27 Ağustos 2014 Çarşamba


Bu yaz, bir seminer için İspanya Pireneleri’nde bulunan Benasque kasabası için yollara düştük. Cenevre’den Benasque’ye gitmek için en uygun rota (eğer arabanız yoksa veya varsa bile 11 saat direksiyon sallamak istemiyorsanız) uçakla Barselona’ya gidip, oradan da otobüs vasıtasıyla Benasque’ye geçmek. Otobüs yolculuğu yaklaşık 5 - 5,5 saat sürüyor.
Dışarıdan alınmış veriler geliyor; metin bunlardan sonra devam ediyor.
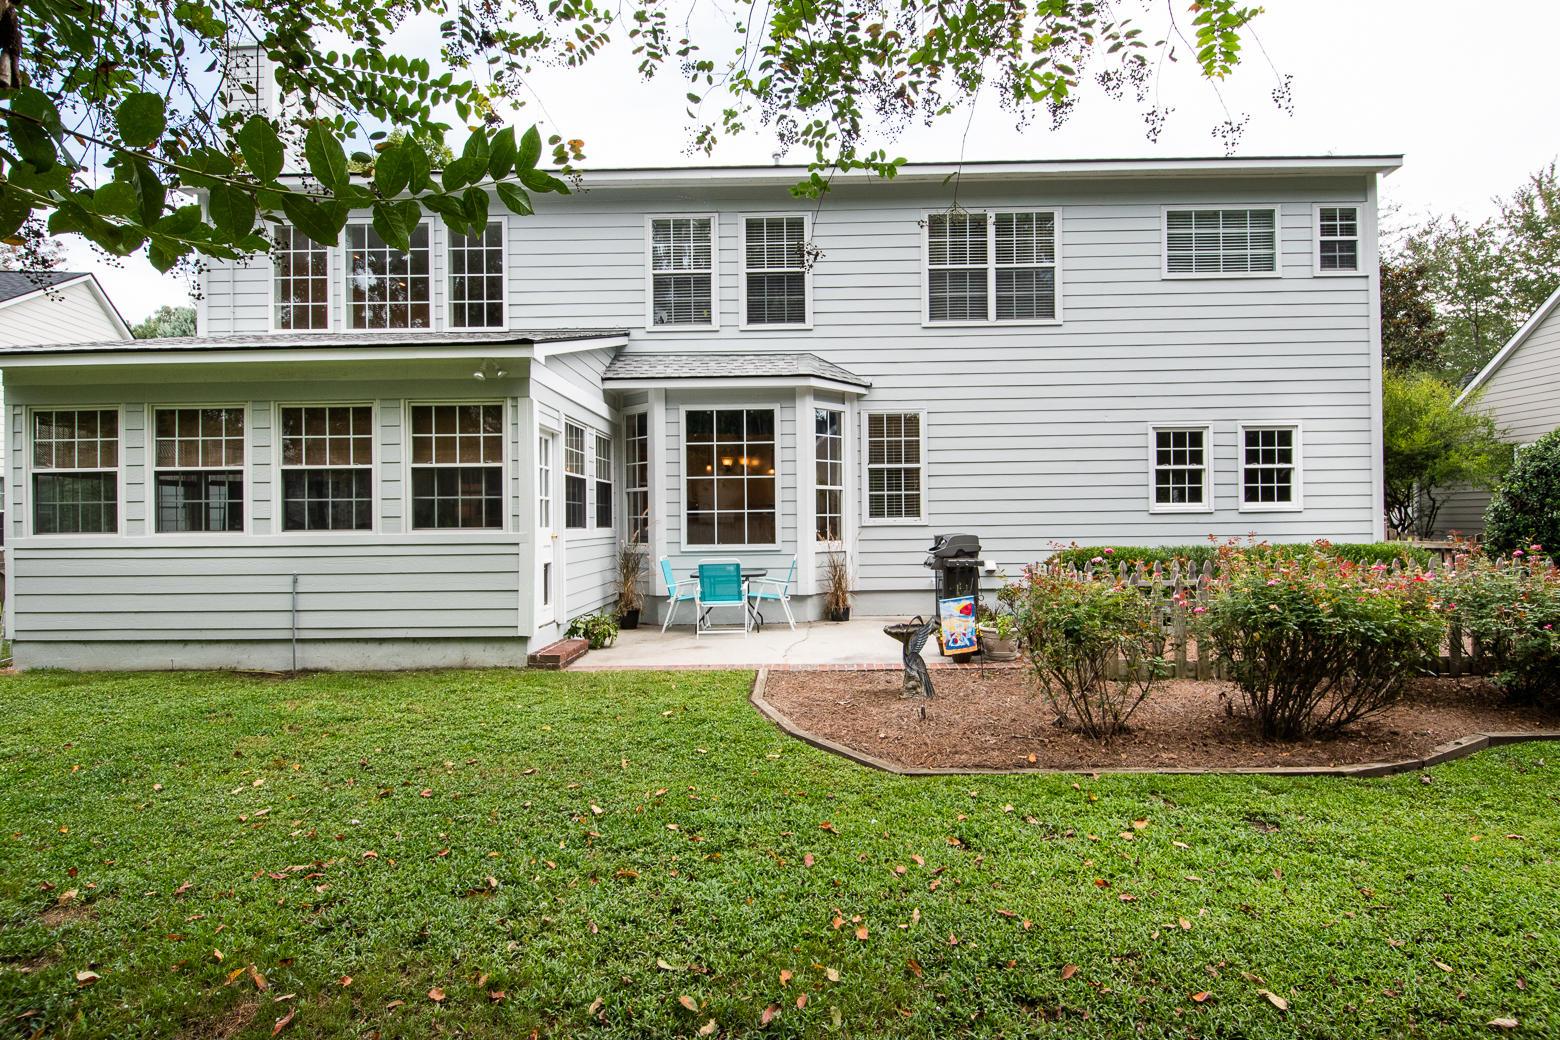 Dunes West Homes For Sale - 1111 Black Rush, Mount Pleasant, SC - 55

Arada bir defa da otobüsü değiştirmeniz gerekiyor.

Uçak - otobüs saatleri ucu ucuna birbirini tuttuğundan biz de bir kaç gün evvelden Barselona’ya gitmeye, varsa yakınlardaki sakin bir belde de biraz denize girmeye karar verdik. İnternette bir süre gezindikten sonra en yakın ve güzel yerin, Barselona’ya trenle 45 dakika mesafedeki Sitges olduğuna karar verdik.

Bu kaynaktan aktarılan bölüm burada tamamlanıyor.